Exercise instructions =>
For the entries that follow, retype exactly the lines from the one containing "Flowmaster American Thunder" to the one containing "Worried About Henry", inclusive, and only those. Images stay out of the copy.

══ Provided entries

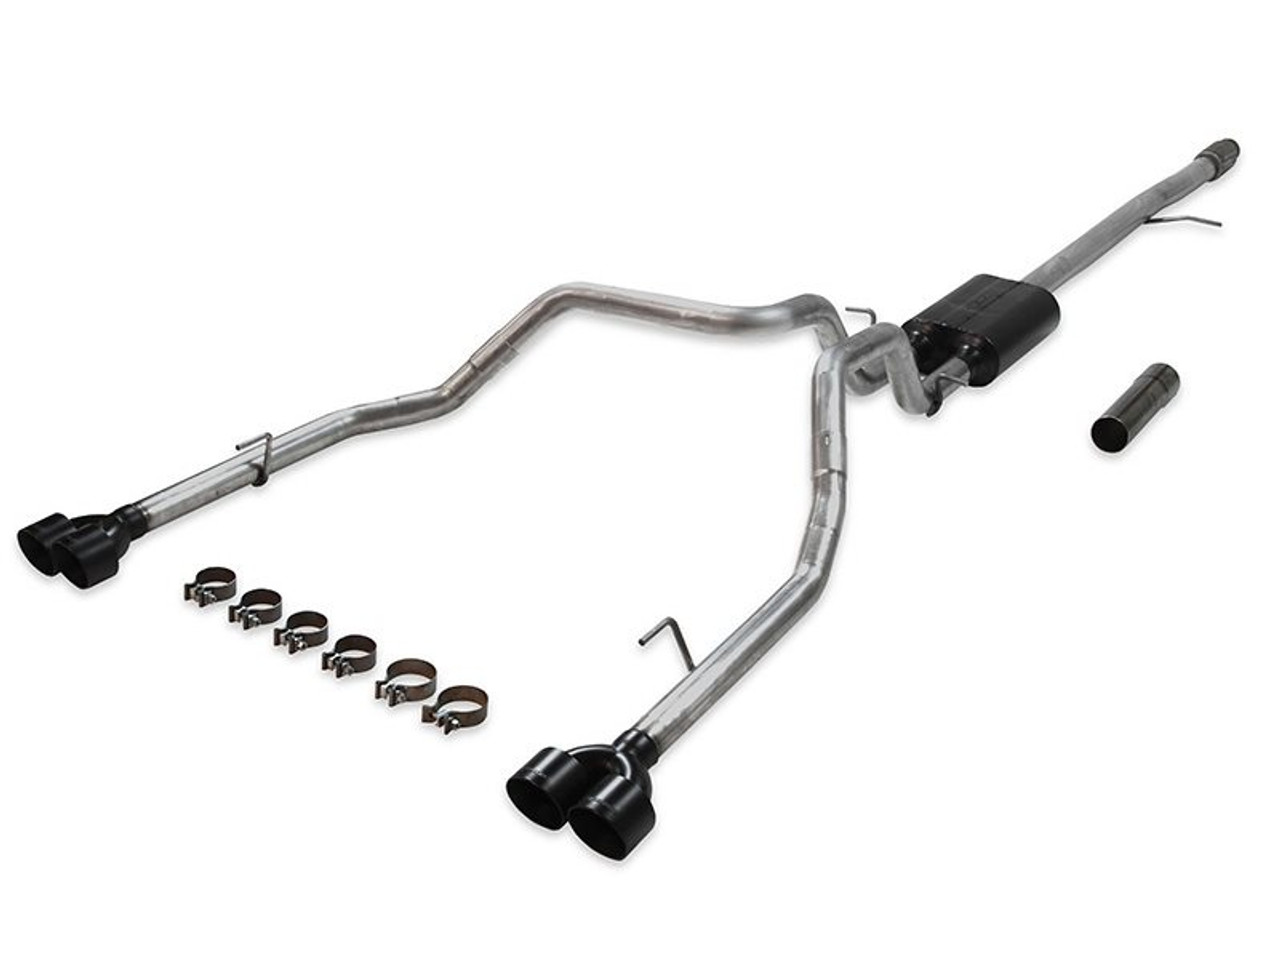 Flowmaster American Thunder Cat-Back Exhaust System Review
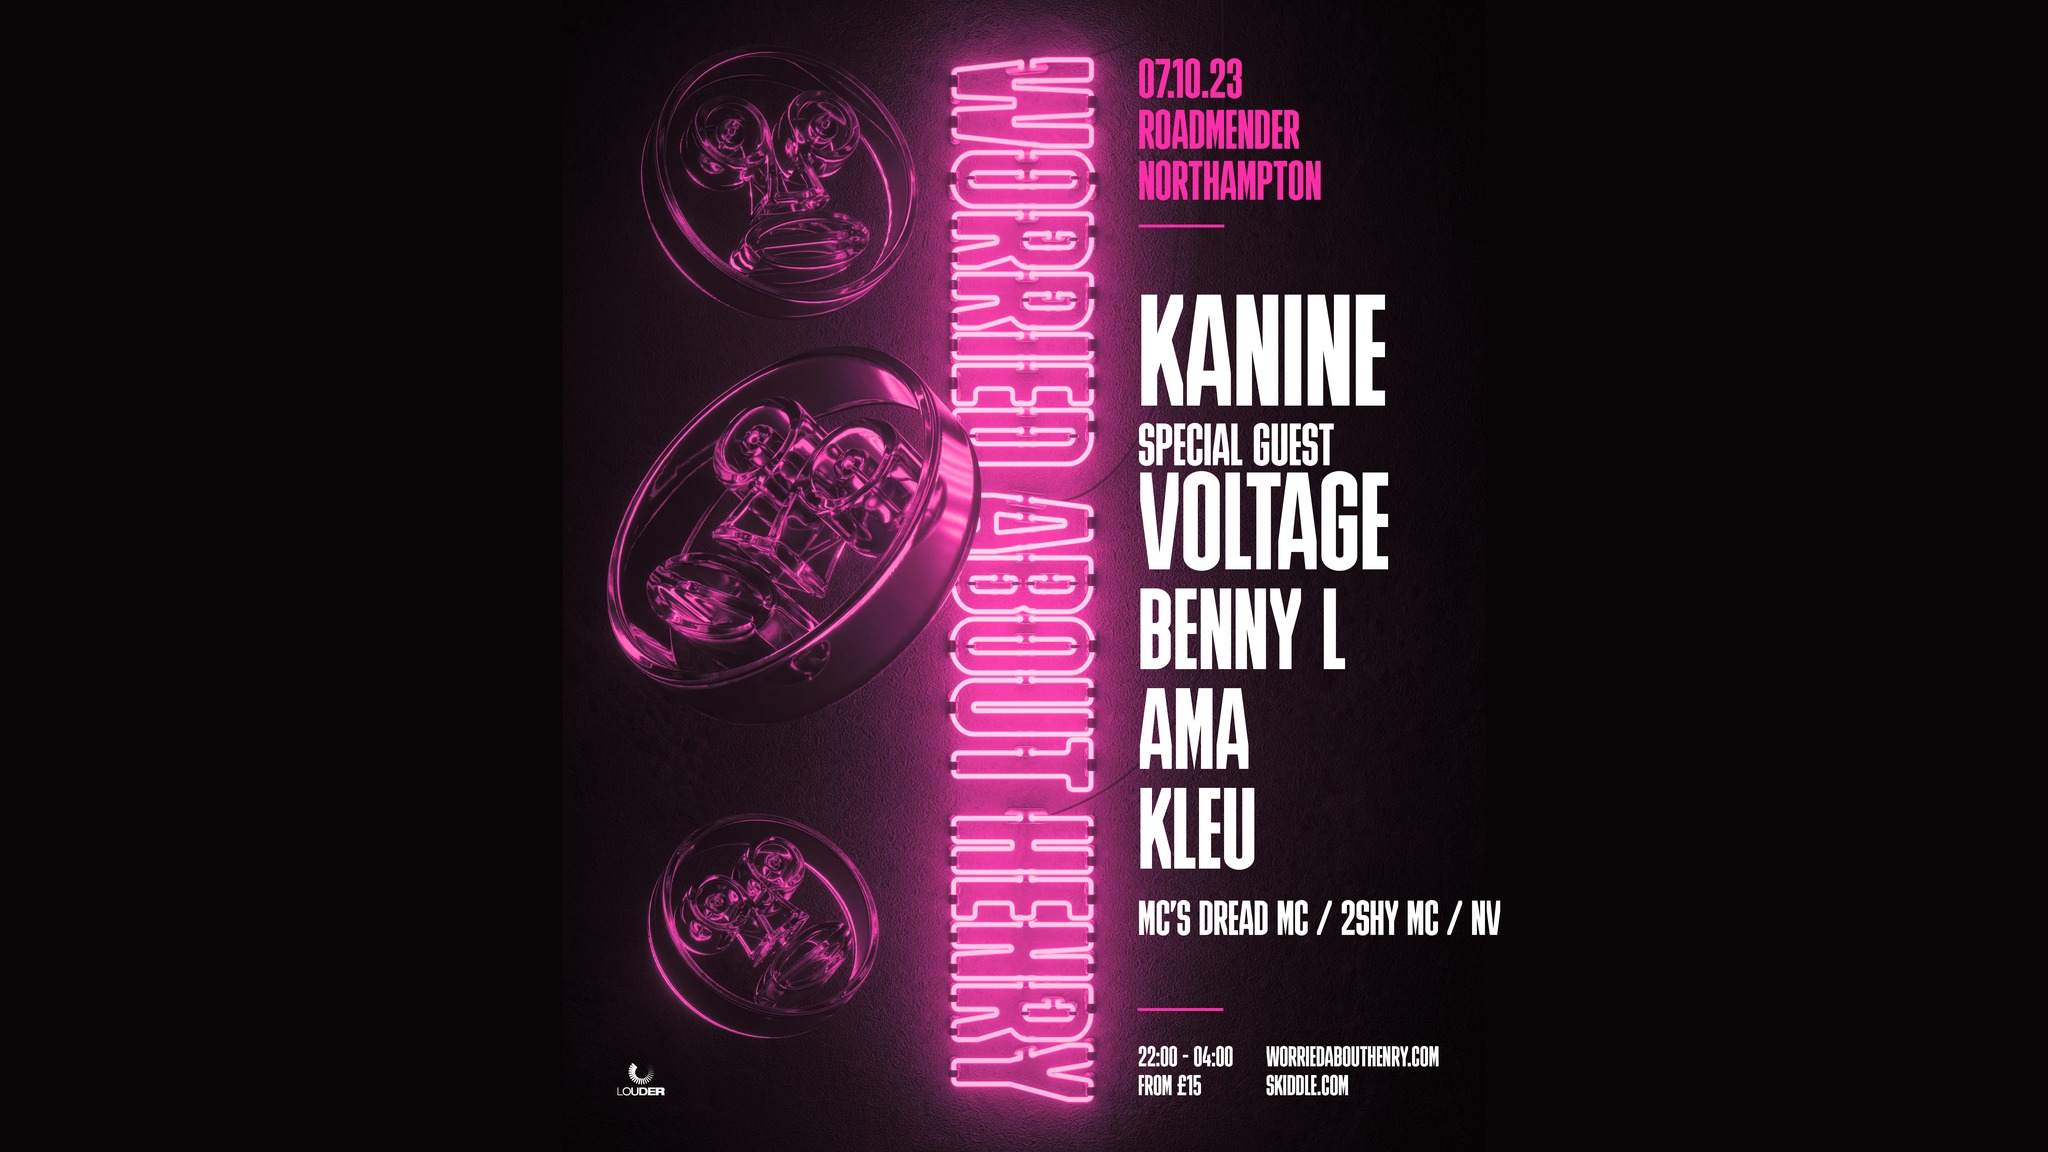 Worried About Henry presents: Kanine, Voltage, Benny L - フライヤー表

════
══ Provided entries

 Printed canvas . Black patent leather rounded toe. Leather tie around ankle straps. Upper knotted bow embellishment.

════
══ Provided entries

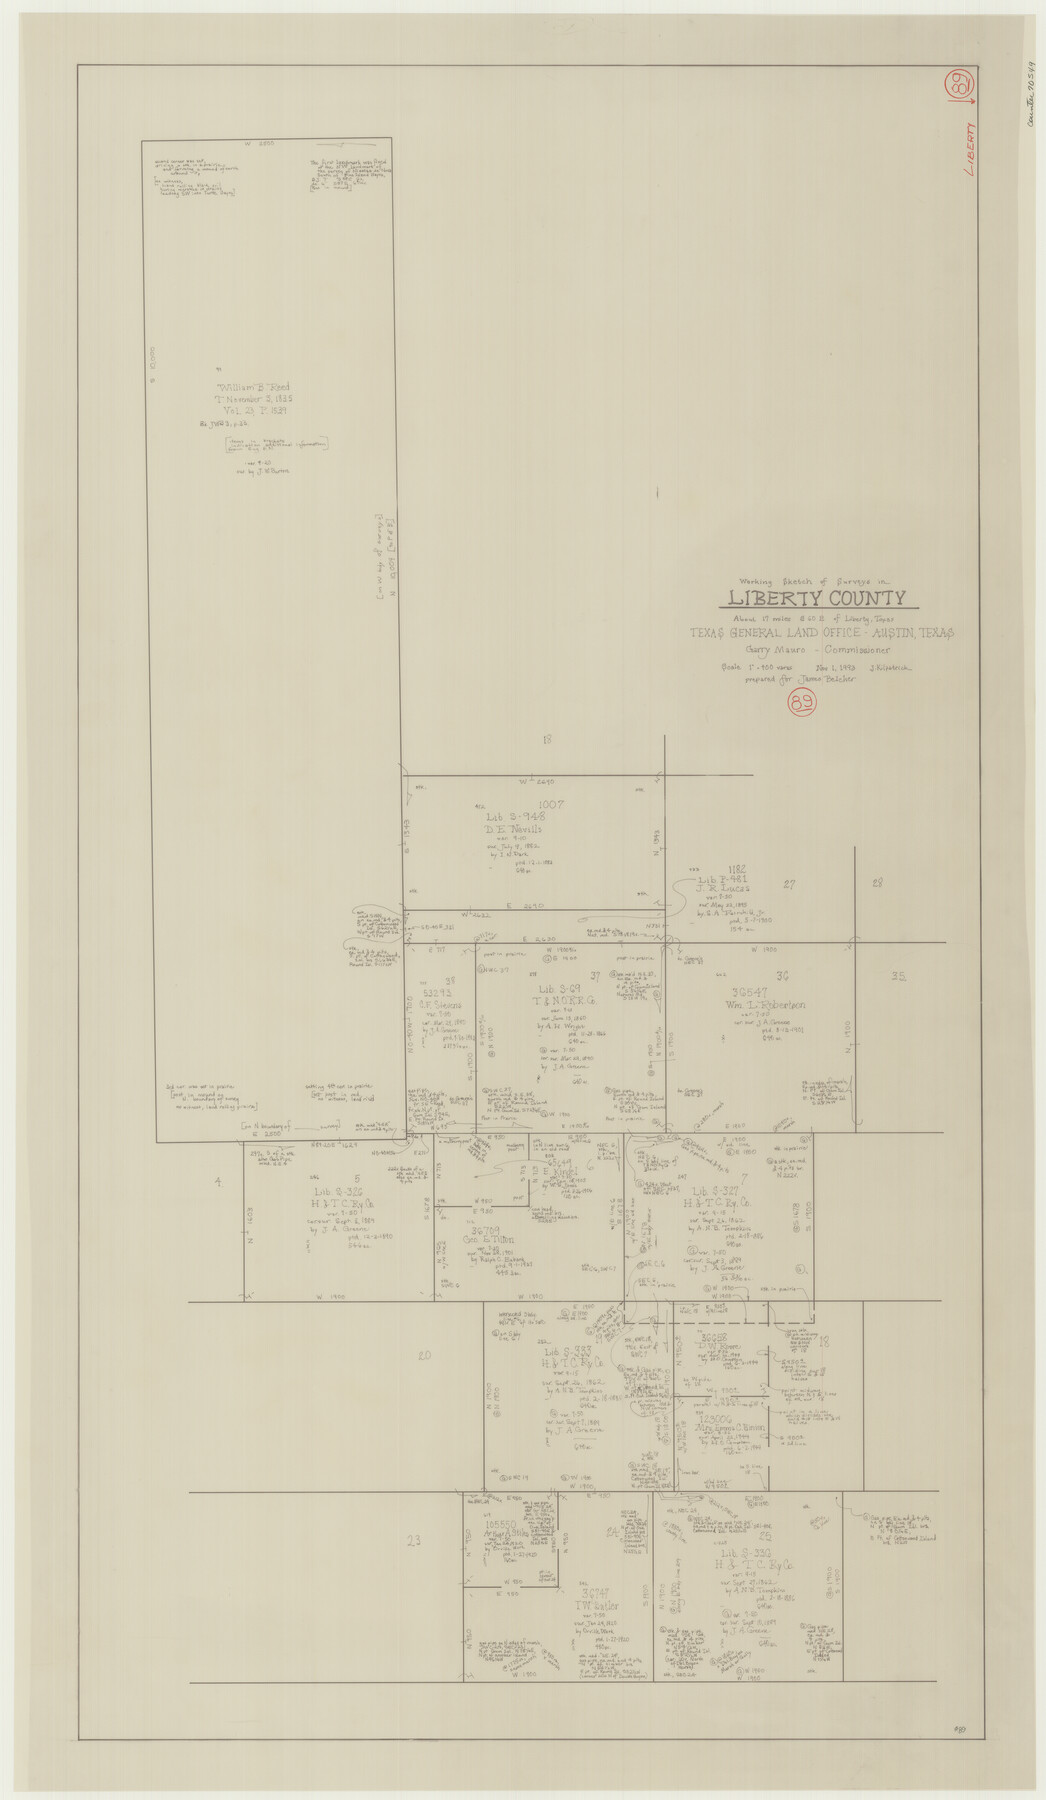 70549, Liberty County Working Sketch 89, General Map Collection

════

Solved problem =>
 Flowmaster American Thunder Cat-Back Exhaust System Review
 Worried About Henry presents: Kanine, Voltage, Benny L - フライヤー表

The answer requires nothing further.